Given the above, the checker will emit this warning::

  input.c:39:6: warning: missing NULL sentinel value at end of PyMethodDef table

Additional tests
----------------

* the checker will verify the argument lists of invocations of
  `PyObject_CallFunctionObjArgs
  <http://docs.python.org/c-api/object.html#PyObject_CallFunctionObjArgs>`_ and
  `PyObject_CallMethodObjArgs
  <http://docs.python.org/c-api/object.html#PyObject_CallMethodObjArgs>`_,
  checking that all of the arguments are of the correct type
  (PyObject* or subclasses), and that the list is NULL-terminated::

     input.c: In function 'test':
     input.c:33:5: warning: argument 2 had type char[12] * but was expecting a PyObject* (or subclass)
     input.c:33:5: warning: arguments to PyObject_CallFunctionObjArgs were not NULL-terminated

Limitations and caveats
-----------------------

Compiling with the checker is significantly slower than with "vanilla" gcc.
I have been focussing on correctness and features, rather than optimization.
I hope that it will be possible to greatly speed up the checker via
ahead-of-time compilation of the Python code (e.g. using Cython).

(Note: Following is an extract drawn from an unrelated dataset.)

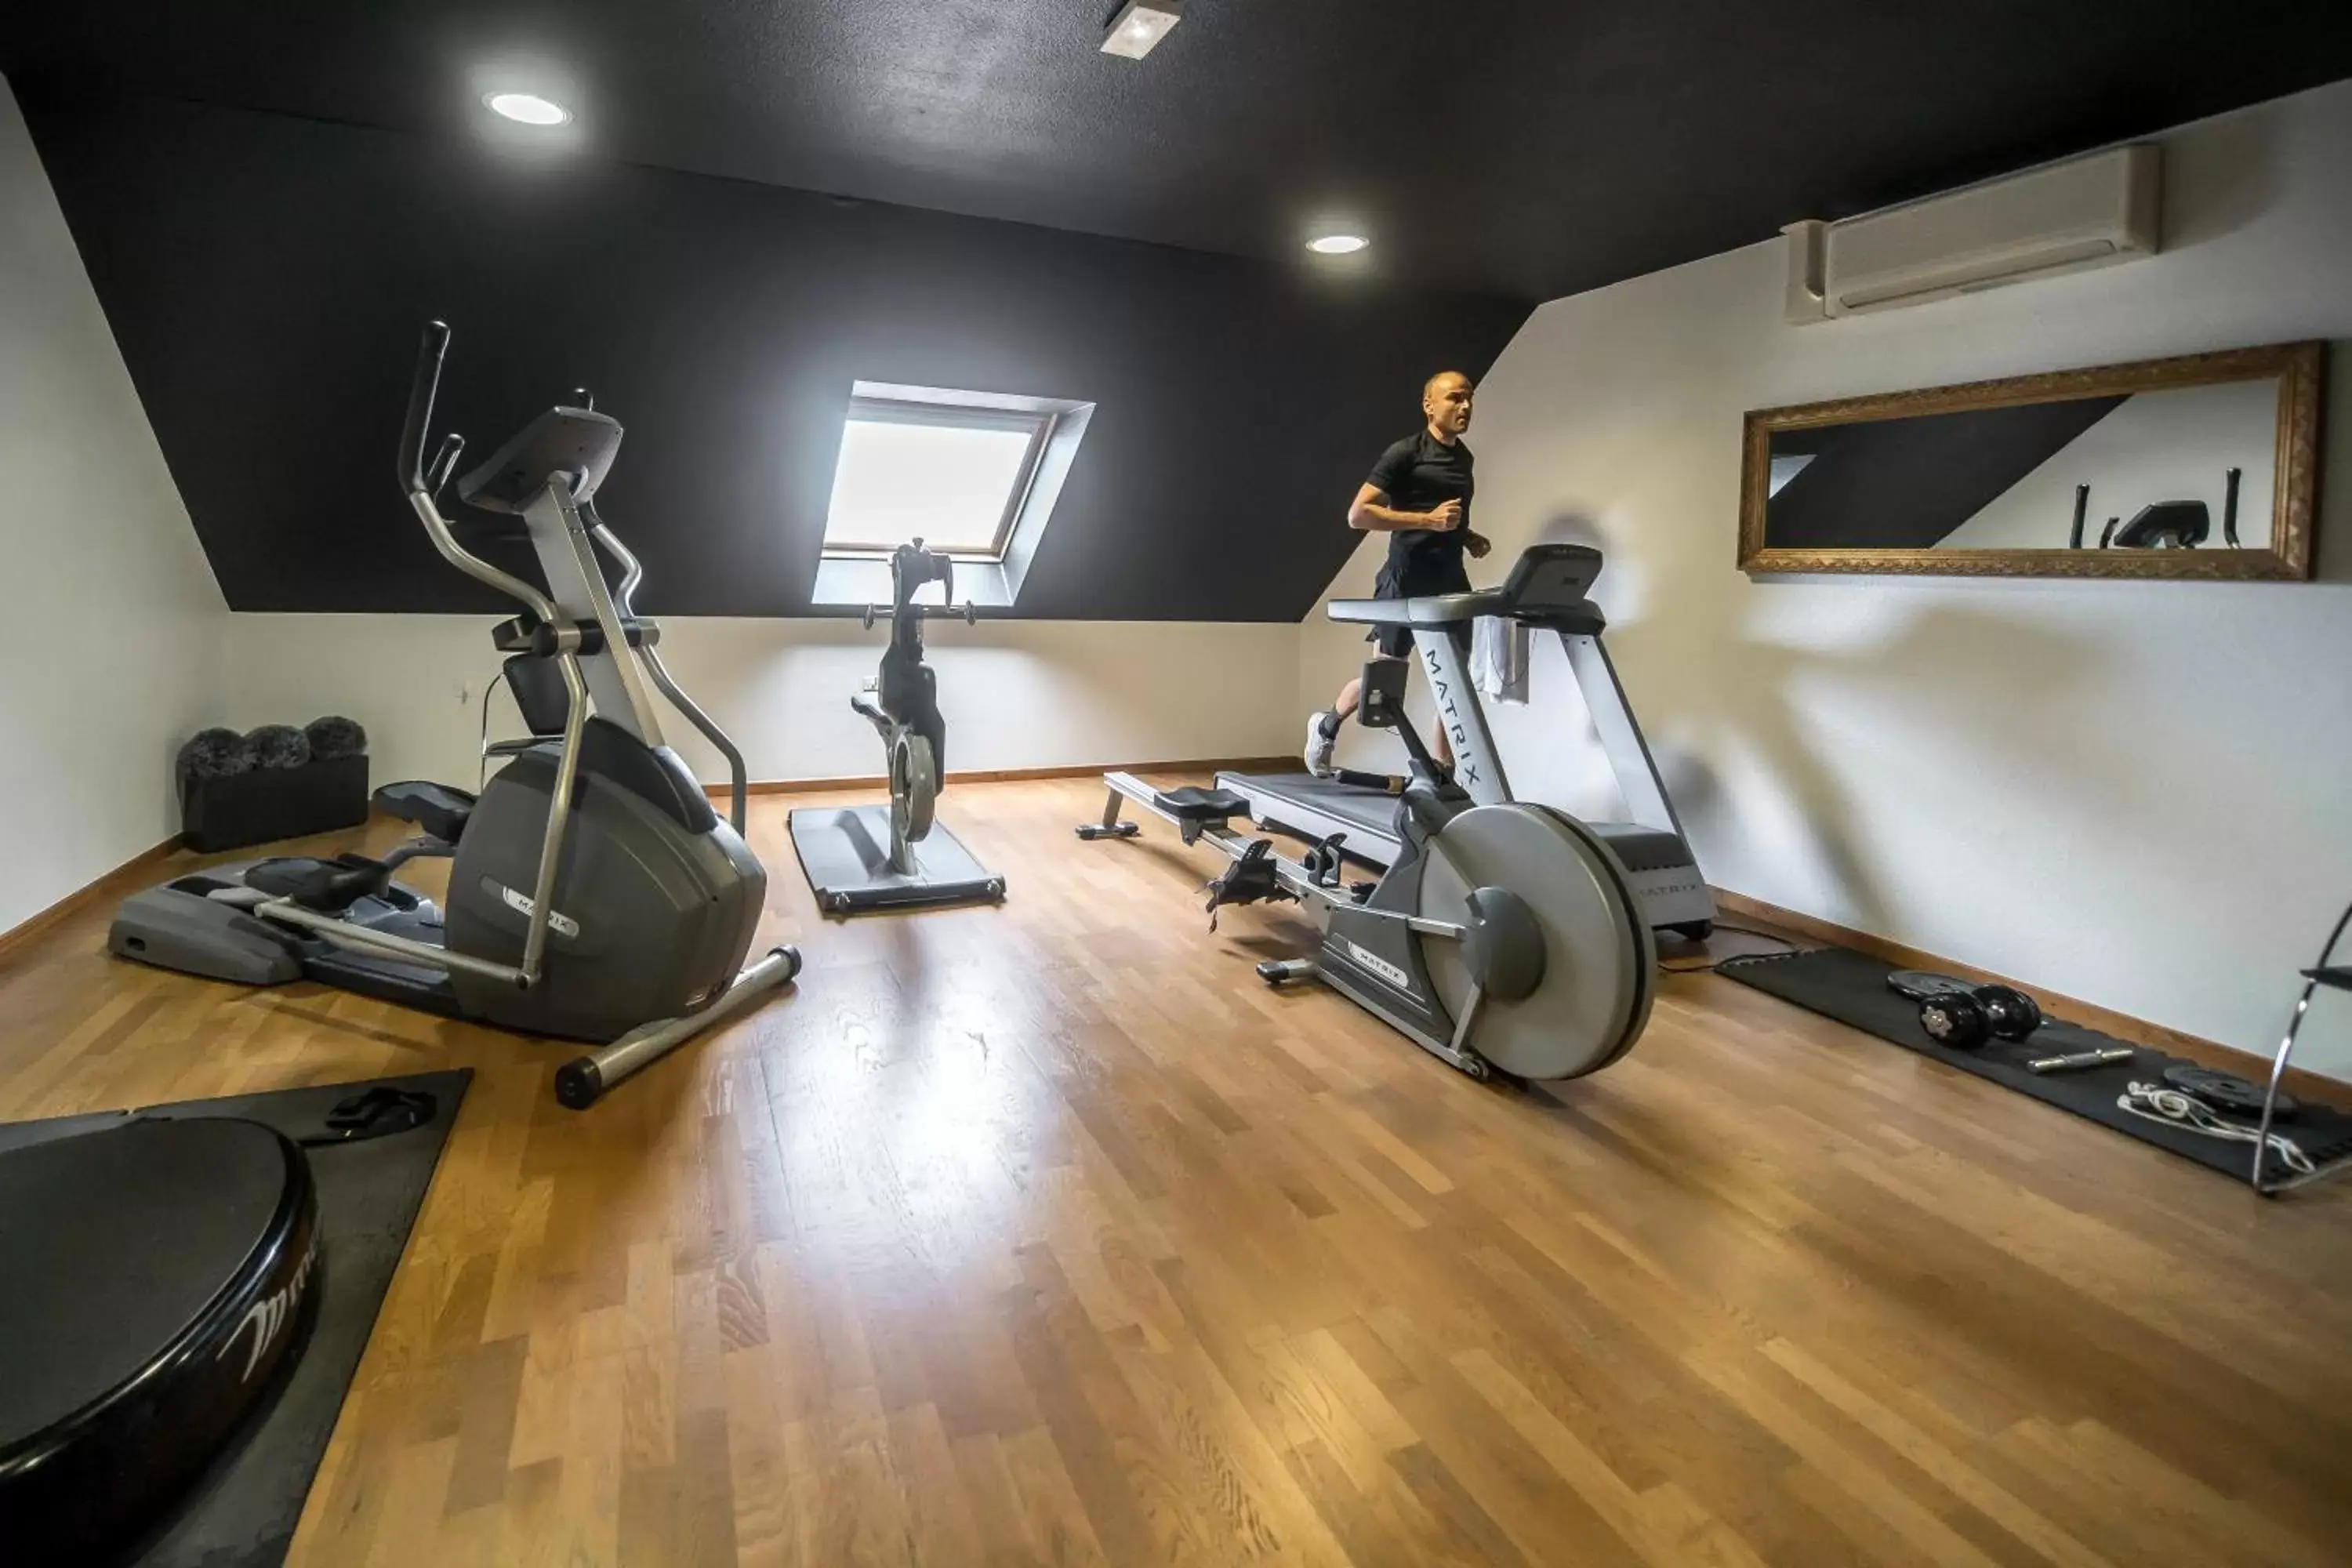 Fitness centre/facilities, Fitness Center/Facilities in Mercure Bords de Loire Saumur

The checker does not yet fully implement all of C: expect to see Python
tracebacks when it encounters less common parts of the language.  (We'll fix
those bugs as we come to them)

The checker has a rather simplistic way of tracking the flow through a
function: it builds a tree of all possible traces of execution through a
function.  This brings with it some shortcomings:

  * In order to guarantee that the analysis terminates, the checker will only
    track the first time through any loop, and stop analysing that trace for
    subsequent iterations.  This appears to be good enough for detecting many
    kinds of reference leaks, especially in simple wrapper code, but is clearly
    suboptimal.

  * In order to avoid combinatorial explosion, the checker will stop analyzing
    a function once the trace tree gets sufficiently large.  When it reaches
    this cutoff, a warning is issued::

      input.c: In function 'add_module_objects':
      input.c:31:1: note: this function is too complicated for the reference-count checker to analyze

  * The checker doesn't yet match up similar traces, and so a single bug that
    affects multiple traces in the trace tree can lead to duplicate error
    reports.

Only a subset of the CPython API has been modelled so far.


Ideas for future tests
----------------------

Here's a list of some other C coding bugs I intend for the tool to detect:

  * tp_traverse errors (which can mess up the garbage collector); missing it
    altogether, or omitting fields

  * errors in GIL-handling

    * lock/release mismatches

    * missed opportunities to release the GIL (e.g. compute-intensive
      functions; functions that wait on IO/syscalls)

Ideas for other tests are most welcome (patches even more so!)

We will probably need various fallbacks and suppression modes for turning off
individual tests (perhaps pragmas, perhaps compile-line flags, etc)


Reusing this code for other projects
------------------------------------
It may be possible to reuse the analysis engine from cpychecker for other
kinds of analysis - hopefully the python-specific parts are relatively
self-contained.  Email the `gcc-python-plugin's mailing list
<https://fedorahosted.org/mailman/listinfo/gcc-python-plugin/>`_ if you're
interested in adding verifiers for other kinds of code.